You cannot care your way out of a fit problem.

This is why the industry's standard retention toolkit keeps underdelivering. More check-ins, better training programs, commission bumps — all of these are downstream fixes for a problem that was seeded at placement. By the time you are trying to save the relationship, the mismatch has already done most of its damage.

I have spent the past six months researching whether environmental fit can be measured — and whether the signals that predict drift can be identified early enough to act on them. If you want to understand the methodology behind that work, it is here.


The question worth asking

If you run a brokerage and you are reading this, I want to leave you with one question.

Which agents on your roster right now are showing early signs of drift — not yet in their production numbers, but in their engagement, their communication, their presence — and what do you actually know about whether your environment is working for how they work?

If the honest answer is "not much," that is the gap. Not in your training program. Not in your recruiting pipeline. In your ability to see a fit problem before it becomes an exit interview.

The data from Q1 2026 is uncomfortable because it tells broker owners that the agents most likely to leave are also the most likely to produce somewhere else. They are not failing. They are mismatched. And the cost of that mismatch — in lost production, recruiting spend, and institutional knowledge walking out the door — is landing on your P&L whether or not you have named it.

The agents drifting right now did not decide to leave last week. The conditions that will produce their resignation letter were already in place months ago. The only question is whether you have a way to see them.


Leslie Jones is the founder of KasbyIQ, which helps broker owners identify whether their environment is working for each agent — before that agent decides to leave. She spent 20 years as a real estate agent before turning full-time to research the patterns behind why agents succeed — and why they leave.


Questions broker owners ask about agent retention

Why do real estate agents leave their brokerages?

According to 2026 Recruiting Insight data analyzed across 184,097 productive agents, agents most commonly leave because of environmental misfit — not compensation and not performance failure. In 9 of 12 brokerage categories, more than 30% of departing agents went independent rather than to a competitor. Agents do not go independent to make more money in the short term — it is harder and slower to ramp.
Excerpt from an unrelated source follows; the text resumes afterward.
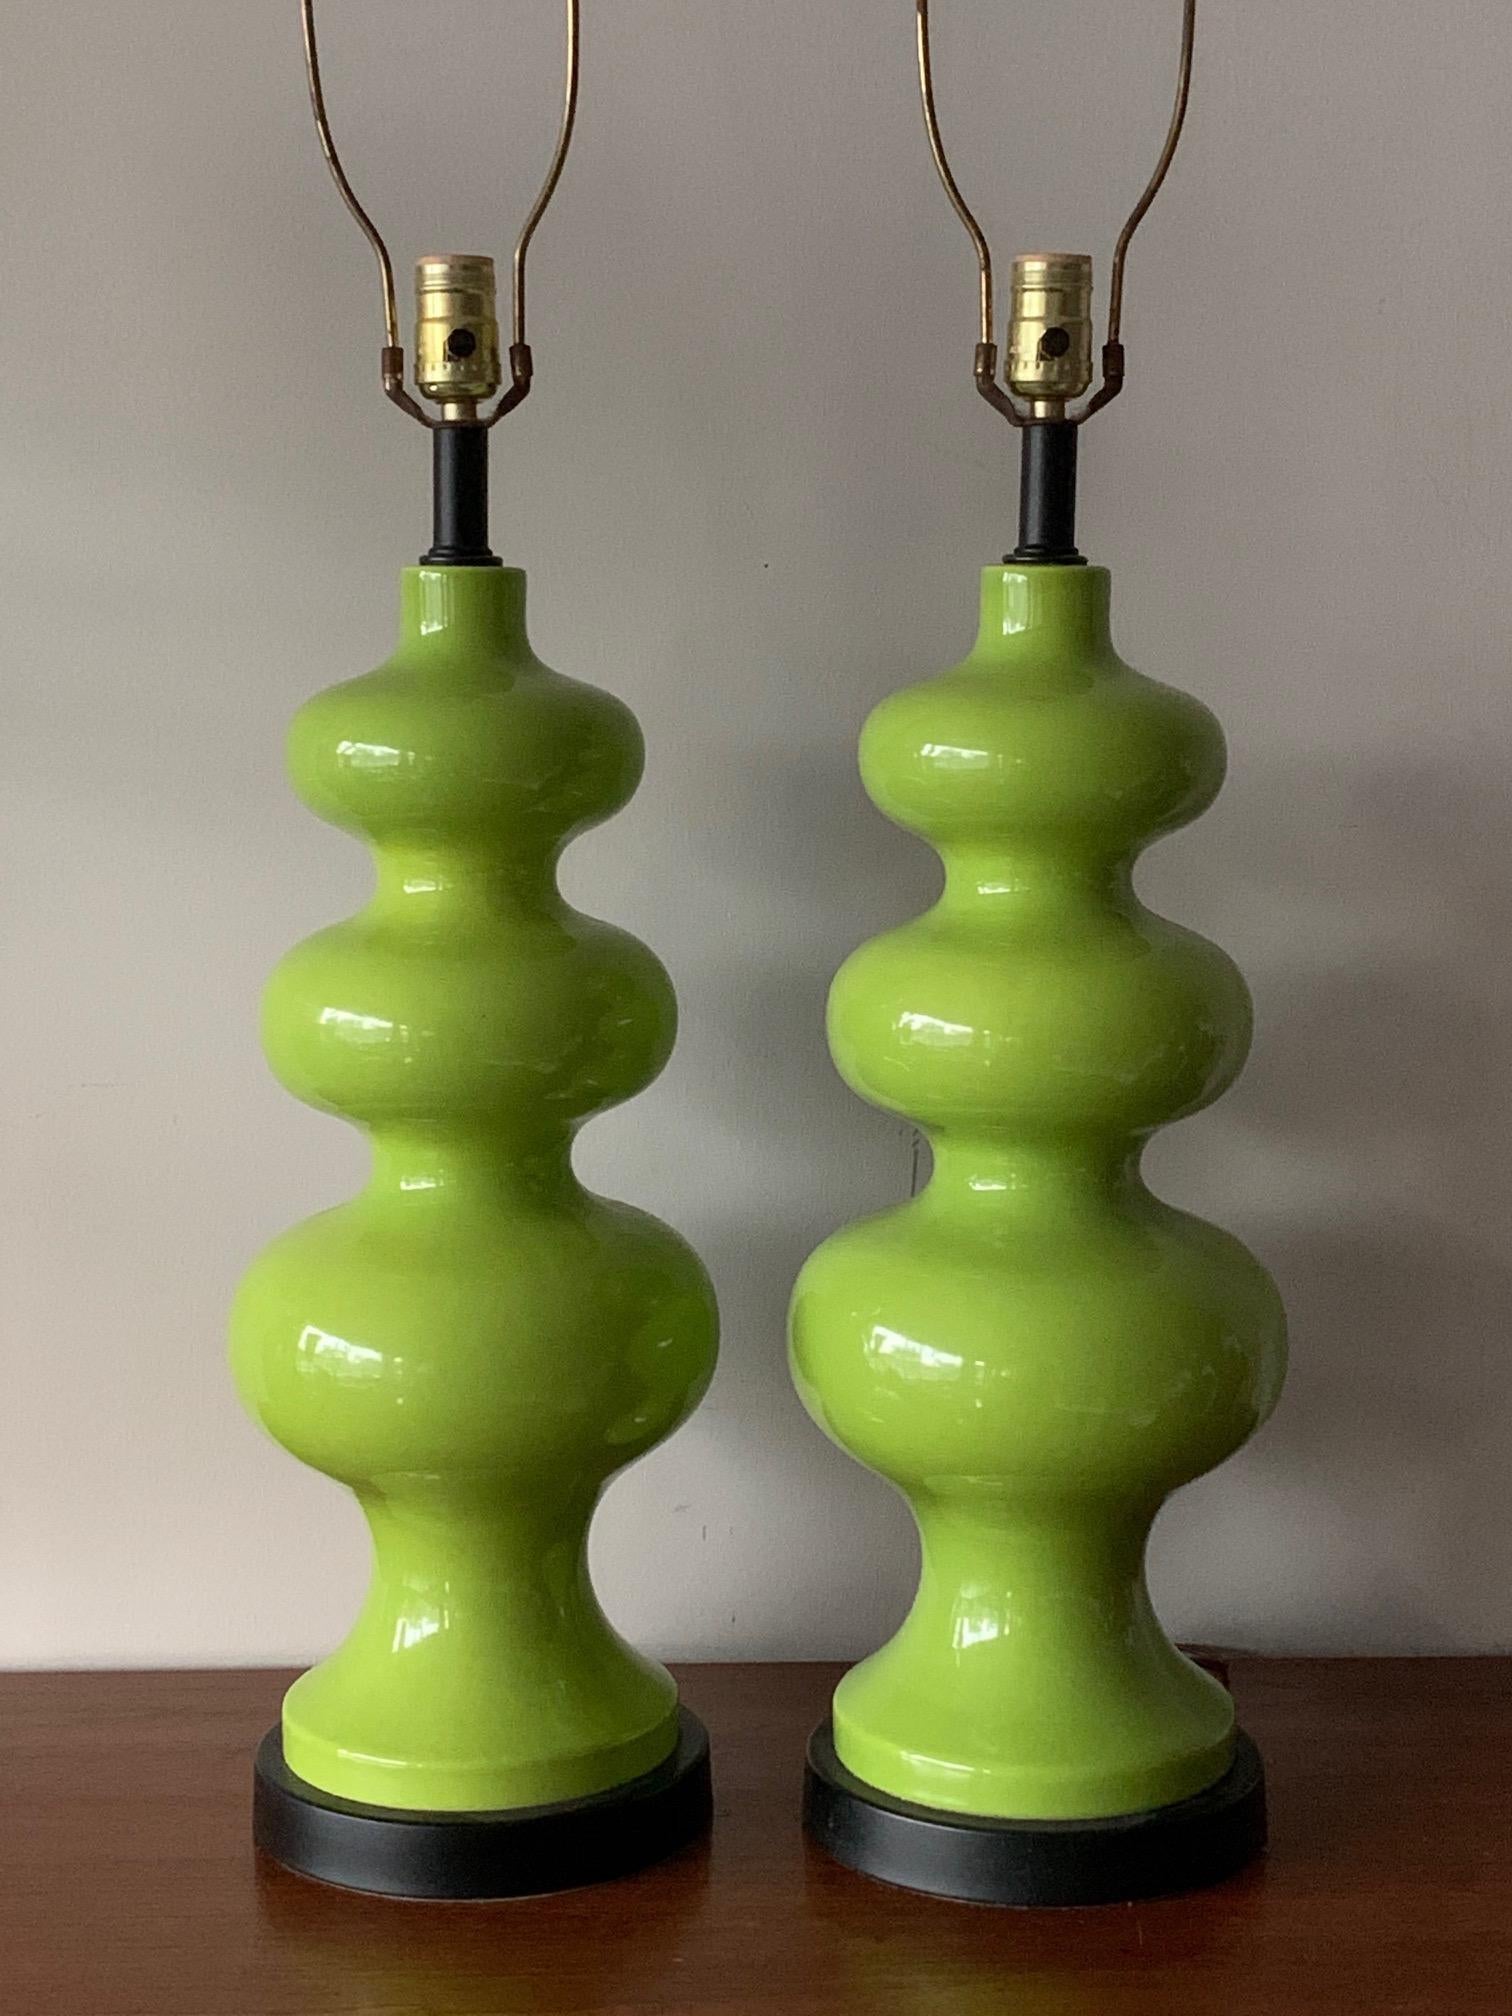 Ein Paar 1970er Jahre skulpturale Lampen - erstaunliche mintgrüne Farbe, alle original mit passenden grünen Schirmen.
Diese sind groß und sehr beeindruckend - ein seltener Fund! Gesamthöhe mit Schirmen 41,5

They go independent because they have decided that no brokerage environment is worth the friction of one that does not work for how they operate. That is a fit signal, not a compensation signal.

What does agent turnover actually cost a brokerage?

Departing agents are, on average, 46% more productive than the external recruits brought in to replace them (Inman, May 2026). Internal movers averaged $5.47 million in annualized production versus $4.27 million for external recruits. Over 50,000 agent moves are projected in 2026, representing $16 billion in annualized production changing hands. When a brokerage loses a $5 million producer and replaces them with a $4 million recruit, it comes out behind after accounting for recruiting cost, training cost, and ramp time.

What is the difference between brokerage culture and agent-brokerage fit?

Culture is how a brokerage describes itself. Fit is whether the environment actually supplies what a specific agent's psychology requires — and whether the agent carries the behavioral traits the environment demands. An agent high in autonomy placed in a heavily structured brokerage will drift regardless of how strong the culture is described. Fit is measurable; culture is a feeling.

Does increasing check-in frequency improve agent retention?

Not when the root cause is structural misfit. When an agent's psychology is incompatible with the environment they are placed in, increasing contact frequency does not resolve the incompatibility. The drift is seeded at placement — it is structural, not relational. You cannot care your way out of a fit problem.

What is the 89% agent retention benchmark?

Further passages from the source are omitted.